Ants communicate using chemical signals, often called pheromones, that enable them to swarm in response to danger or quickly congregate on a picnic blanket. These cues, according to Dr. Athula Attygalle of Stevens Institute of Technology, may also signal fly parasites that rely on ants as hosts.
Dr. Attygalle, an expert in both natural products chemistry and mass spectrometry, has recently been awarded a National Science Foundation (NSF) grant to investigate ant pheromones. Together with evolutionary biologist Dr. Donald Feener of the University of Utah, Salt Lake City, Professor Attygalle intends to find how certain parasitic flies eavesdrop on ants' chemical signals to locate their preferred hosts.

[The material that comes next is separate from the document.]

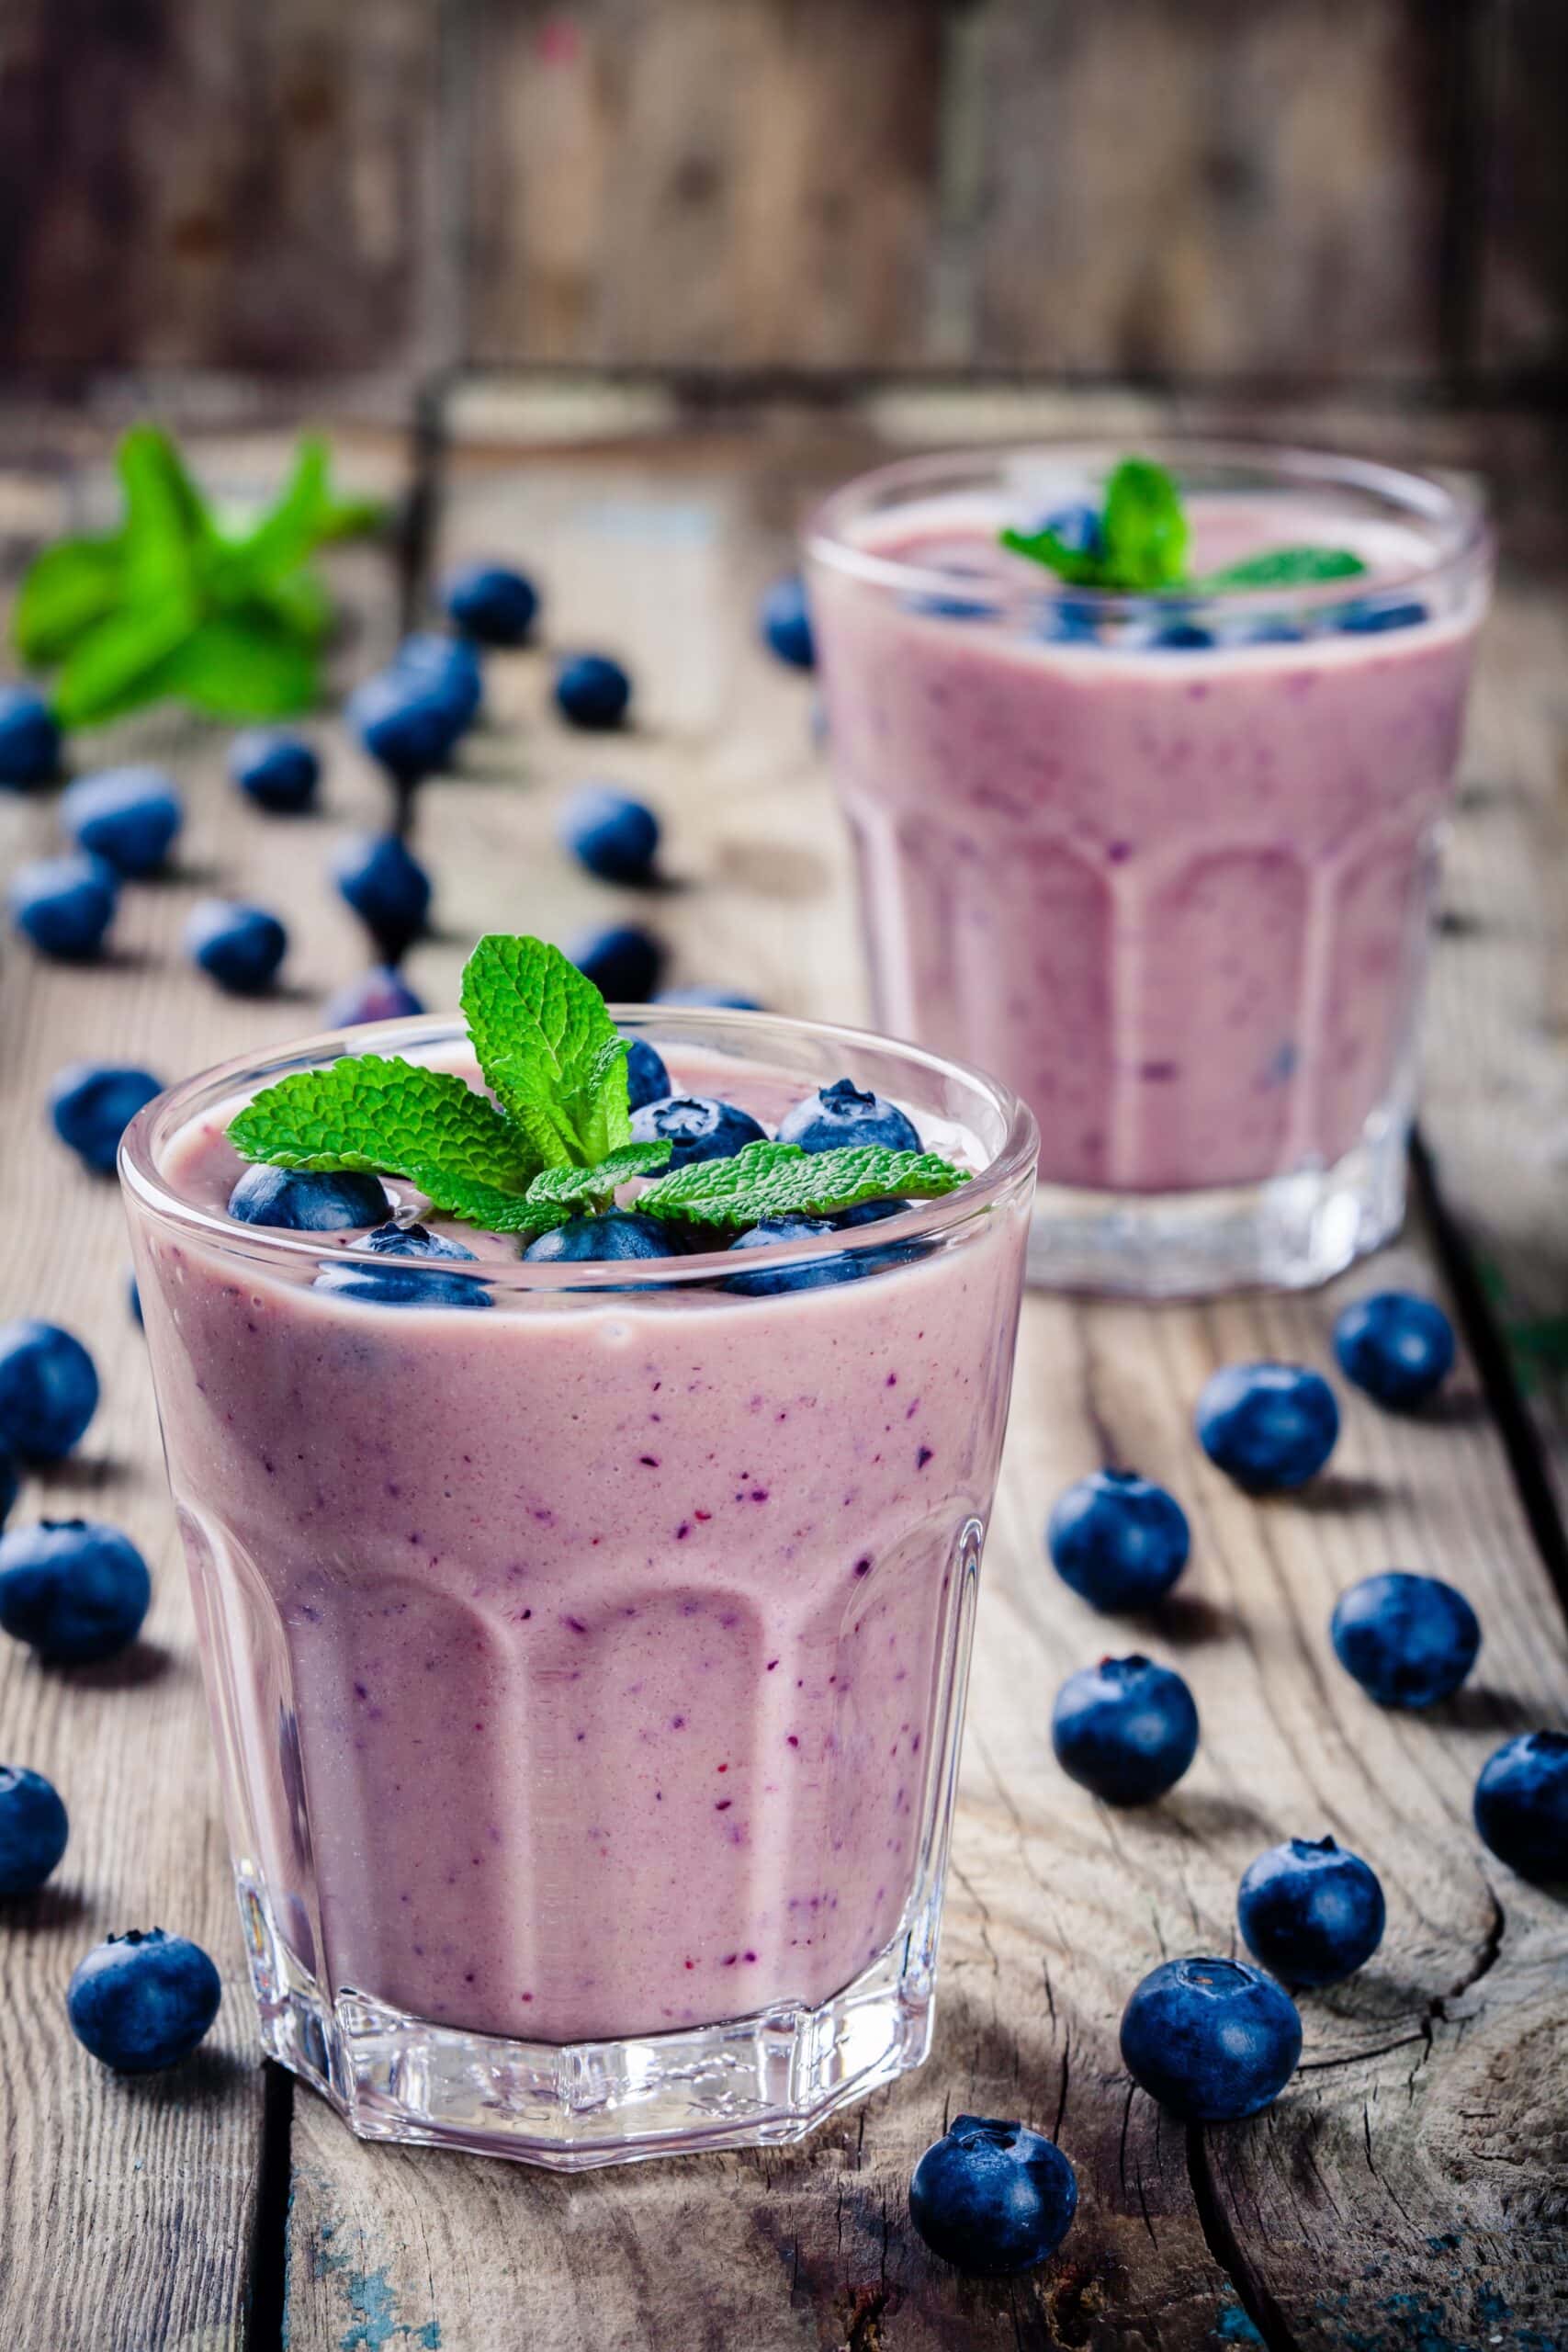 Blueberry smoothie | Snacks For AIP Diet

"Prof. Attygalle's research exemplifies the critical connection between chemical expertise and biological research," reports Dr. Philip Leopold, Director of the Department of Chemistry, Chemical Biology and Biomedical Engineering at Stevens. "In this case, Prof. Attygalle is employing highly sensitive analytical chemistry techniques to reveal biological molecules of great significance. Ultimately, this research may identify novel chemical compounds with biological activities that could be used for highly targeted insecticides or possibly even pharmaceuticals."
While pheromones are often associated with chemicals intended to attract the opposite sex, these signals actually do much more. In fact, most organisms "speak" to one another primarily by using the language of chemistry, much as humans use voice and body language. Because most organisms "whisper," rather than "shout" their chemical communications, scientists require very sensitive tools to decipher the enigmatic chemical languages around them.

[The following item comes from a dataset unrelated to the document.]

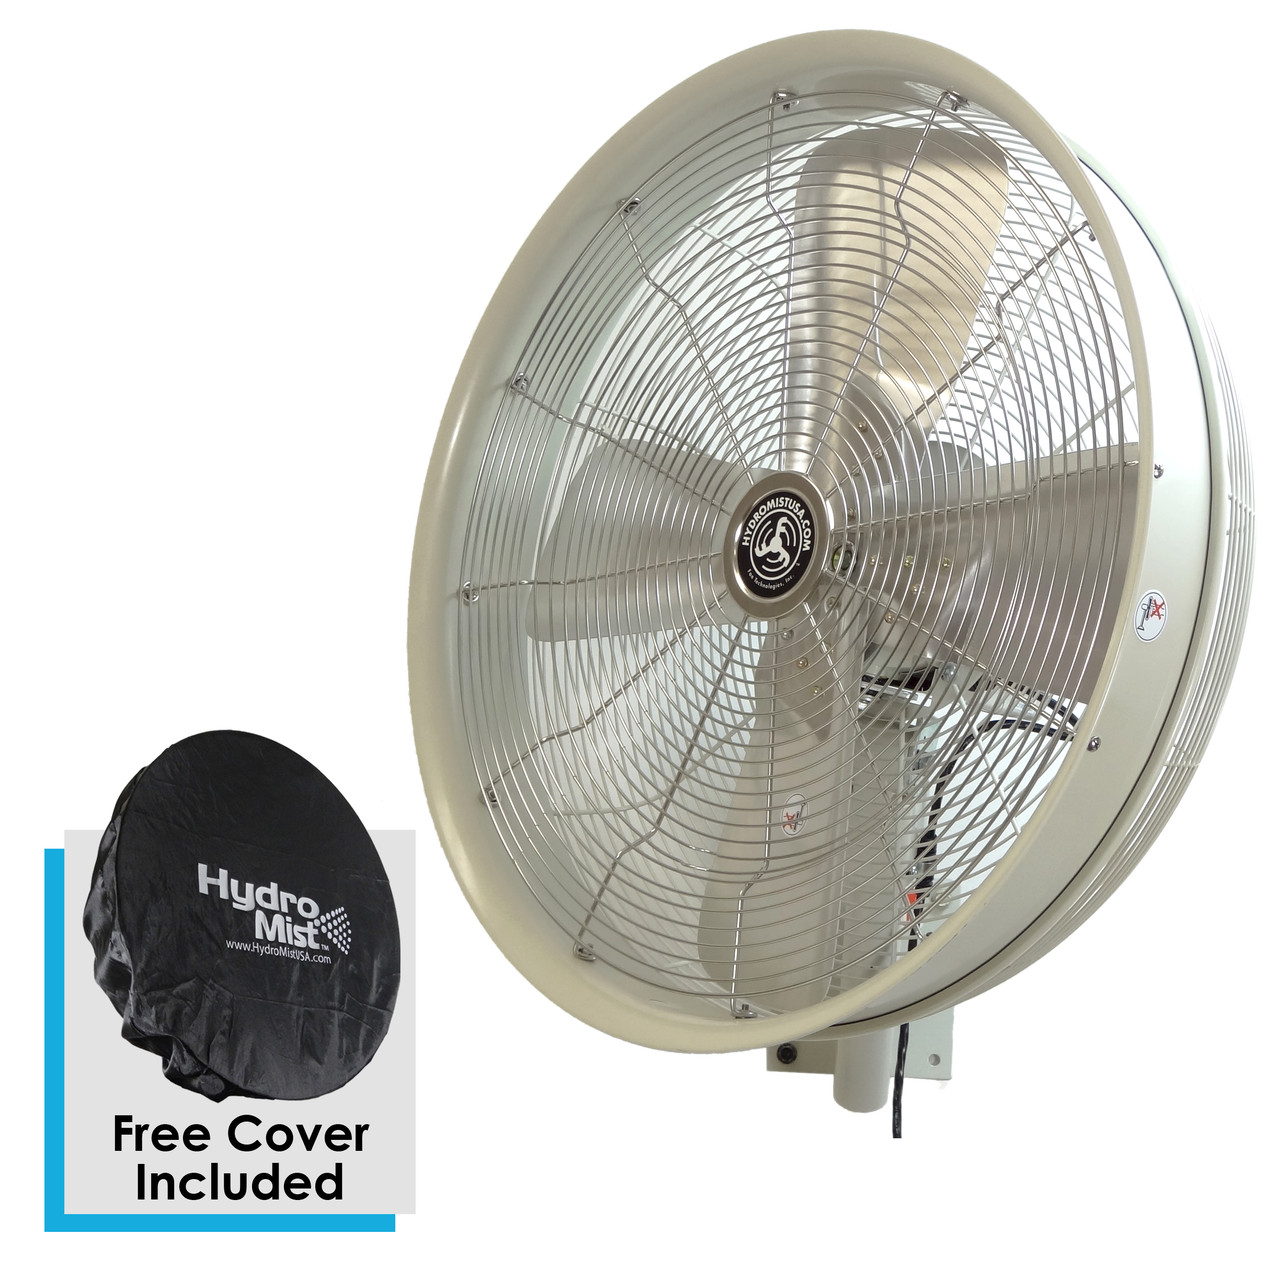 24 Inch Shrouded Outdoor Wall Mount Oscillating Fan 3-Speed Control on Motor

Mass spectrometry is the only analytical technique that meets the sensitivity demands required to eavesdrop on these messages. Dr. Attygalle has applied his expertise in mass spectrometry to analyze chemicals found throughout nature, which has included characterizing the mandibular gland nodules of over 100 species of ants. Containing a fine cocktail of organic chemicals used to create an assortment of messages that alert the colony to danger or food, ant mandibles provide the voicebox for their chemical speech. For this research, Dr. Attygalle will analyze ant mandibular glands from samples of focal species collected by Dr. Feener's field research teams working in Texas, Costa Rica, Panama, and Peru.
This NSF funded collaborative project seeks to discover the ecological and evolutionary processes that govern host selection and specificity of insect parasitoids of ants in the Phoridae fly family. The group of parasitoids under investigation consists of several hundred species in the Neotropical Region, most of which are extremely specialized, attacking one of a few closely related ant species. The researchers will focus on the chemical signals host ants use in communications—the pheromones—as the primary cue by which the flies locate hosts and lay their eggs in them. From this premise, they will then build a framework for studying the evolution of host specificity and how phorids have selected and switched preferences for host species over time.

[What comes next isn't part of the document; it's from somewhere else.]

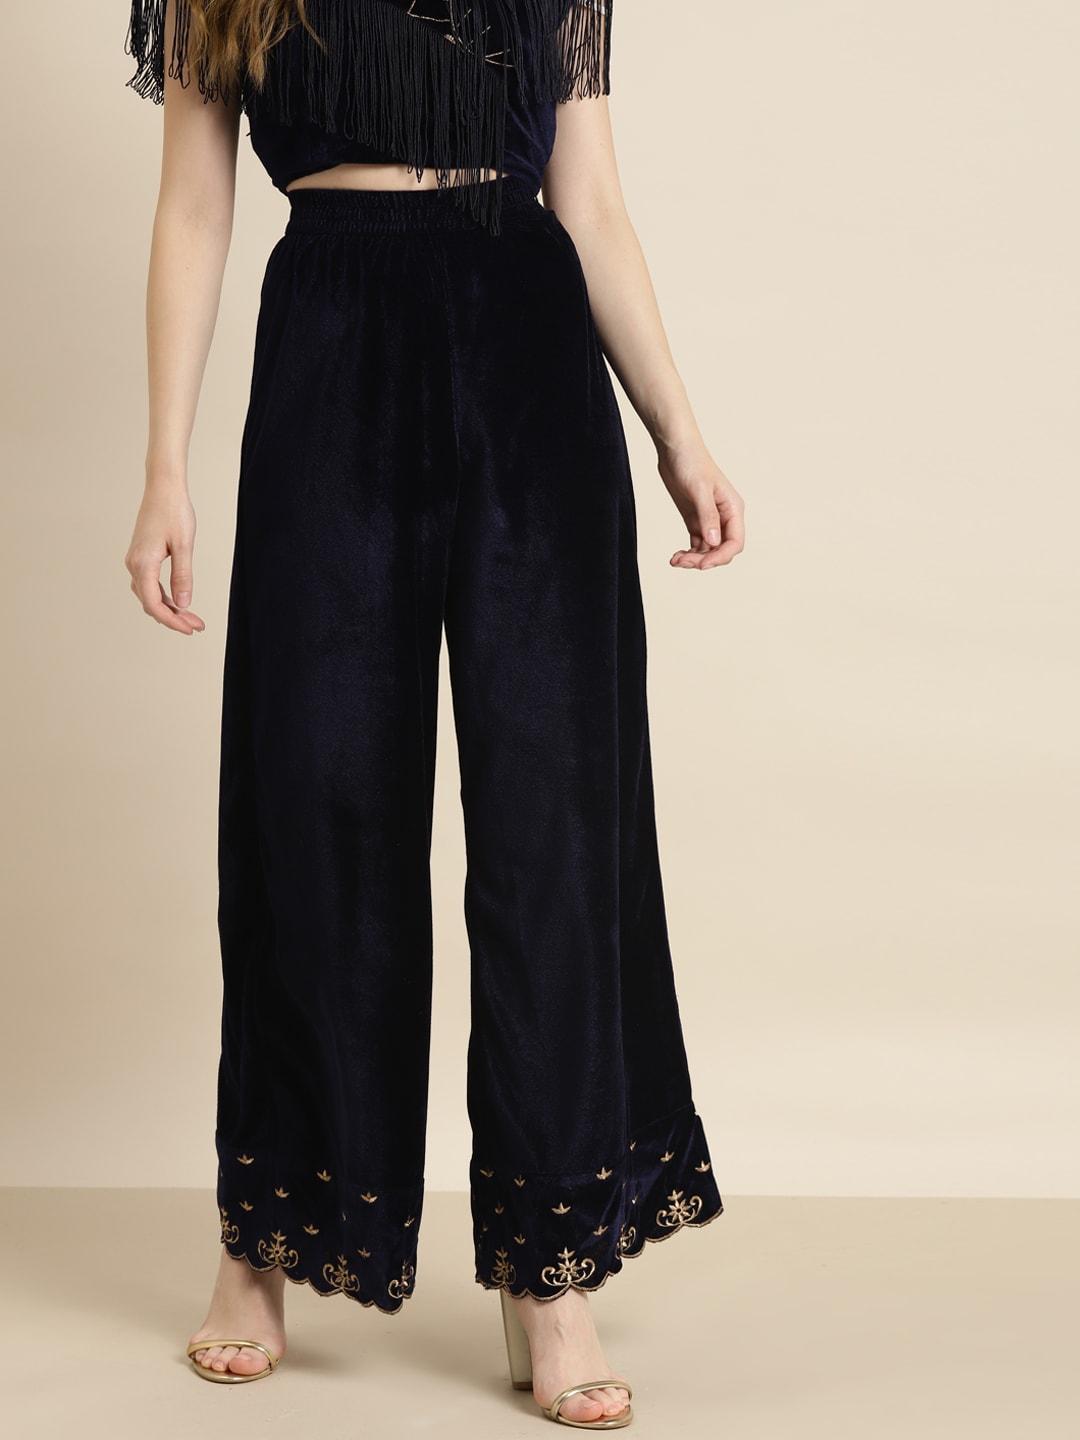 shae by sassafras women navy blue embroidered parallel trousers

Once the chemical signals parasitoids use are identified, the research team will be able to use synthesized versions to test their effects on host behavior in the field as well as in the lab. Their observations will experimentally quantify the limits of host specificity for attracting parasitoids. The chemical signals will then be mapped onto the phylogenetic tree of hosts and compared to the phylogenetic tree of the parasitoids to determine how the distribution of chemical signals shape the evolution of host specificity and shifts to novel hosts.
In addition to the research goals, this NSF project supports an impressive range of educational and outreach efforts. The field studies will recruit and train US, Latin America, and Caribbean graduate and undergraduate students so that they gain broad expertise in natural products chemistry and the ecological, behavioral, and evolutionary aspects of life history specialization in insects. In Utah, the project will develop learning activities for K-12 science classrooms and incorporate at least one secondary school science teacher in Utah in the process of scientific research.